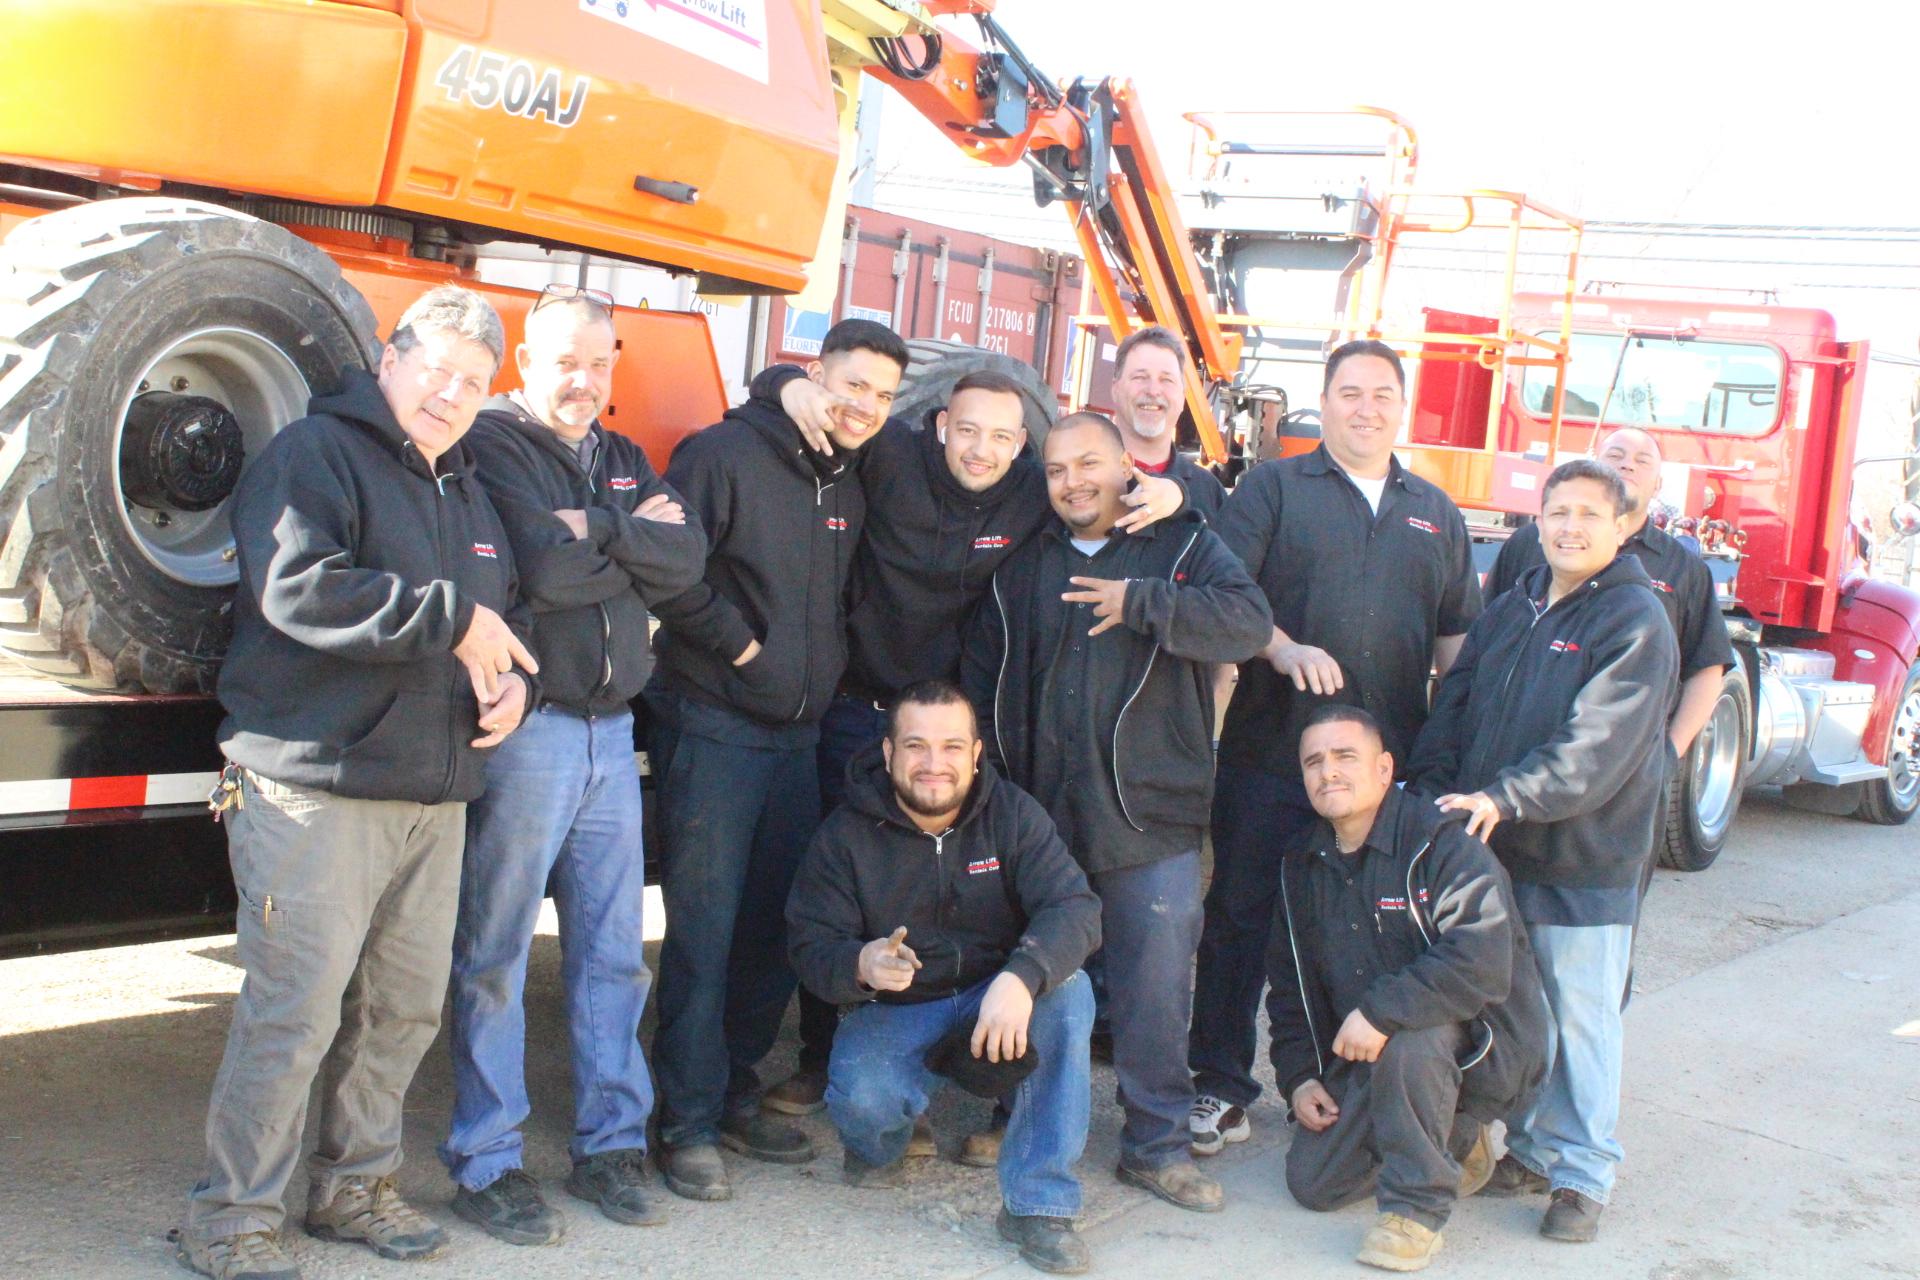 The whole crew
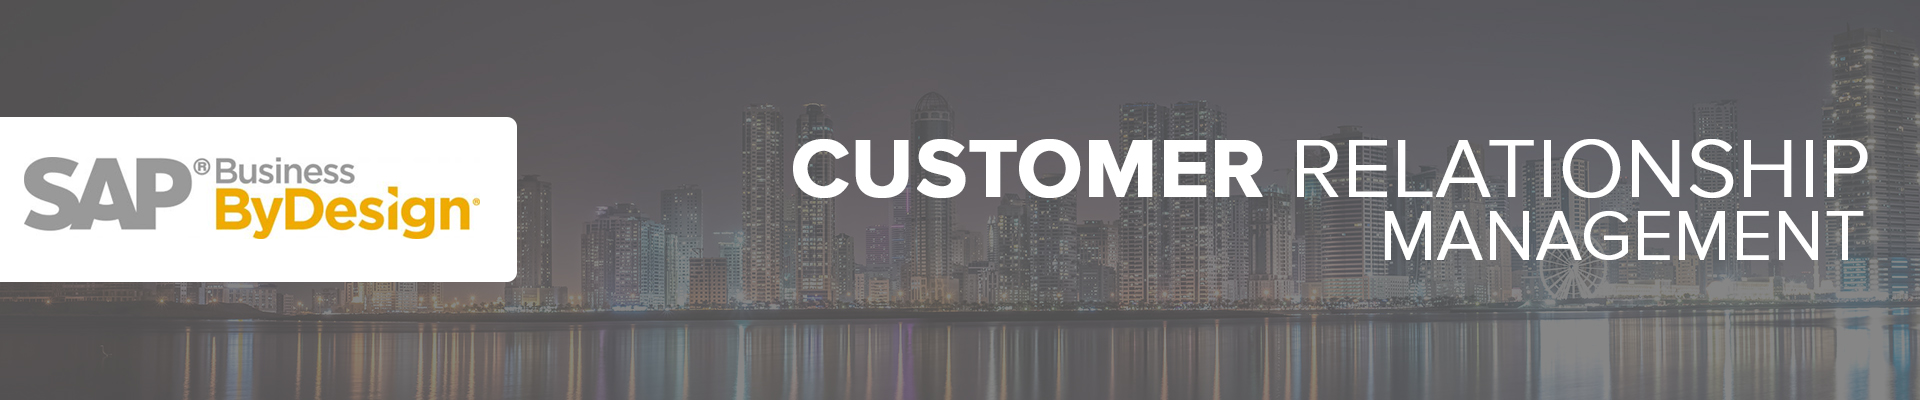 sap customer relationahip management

...

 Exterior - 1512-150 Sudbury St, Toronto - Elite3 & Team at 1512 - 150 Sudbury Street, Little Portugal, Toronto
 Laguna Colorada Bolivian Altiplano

• _How to complete this task_
The answer is the run of lines above from the line containing "Exterior - 1512-150" through the line containing "Laguna Colorada Bolivian Altiplano", copied exactly and alone.

• _Output for this exercise_
 Exterior - 1512-150 Sudbury St, Toronto - Elite3 & Team at 1512 - 150 Sudbury Street, Little Portugal, Toronto
 Laguna Colorada Bolivian Altiplano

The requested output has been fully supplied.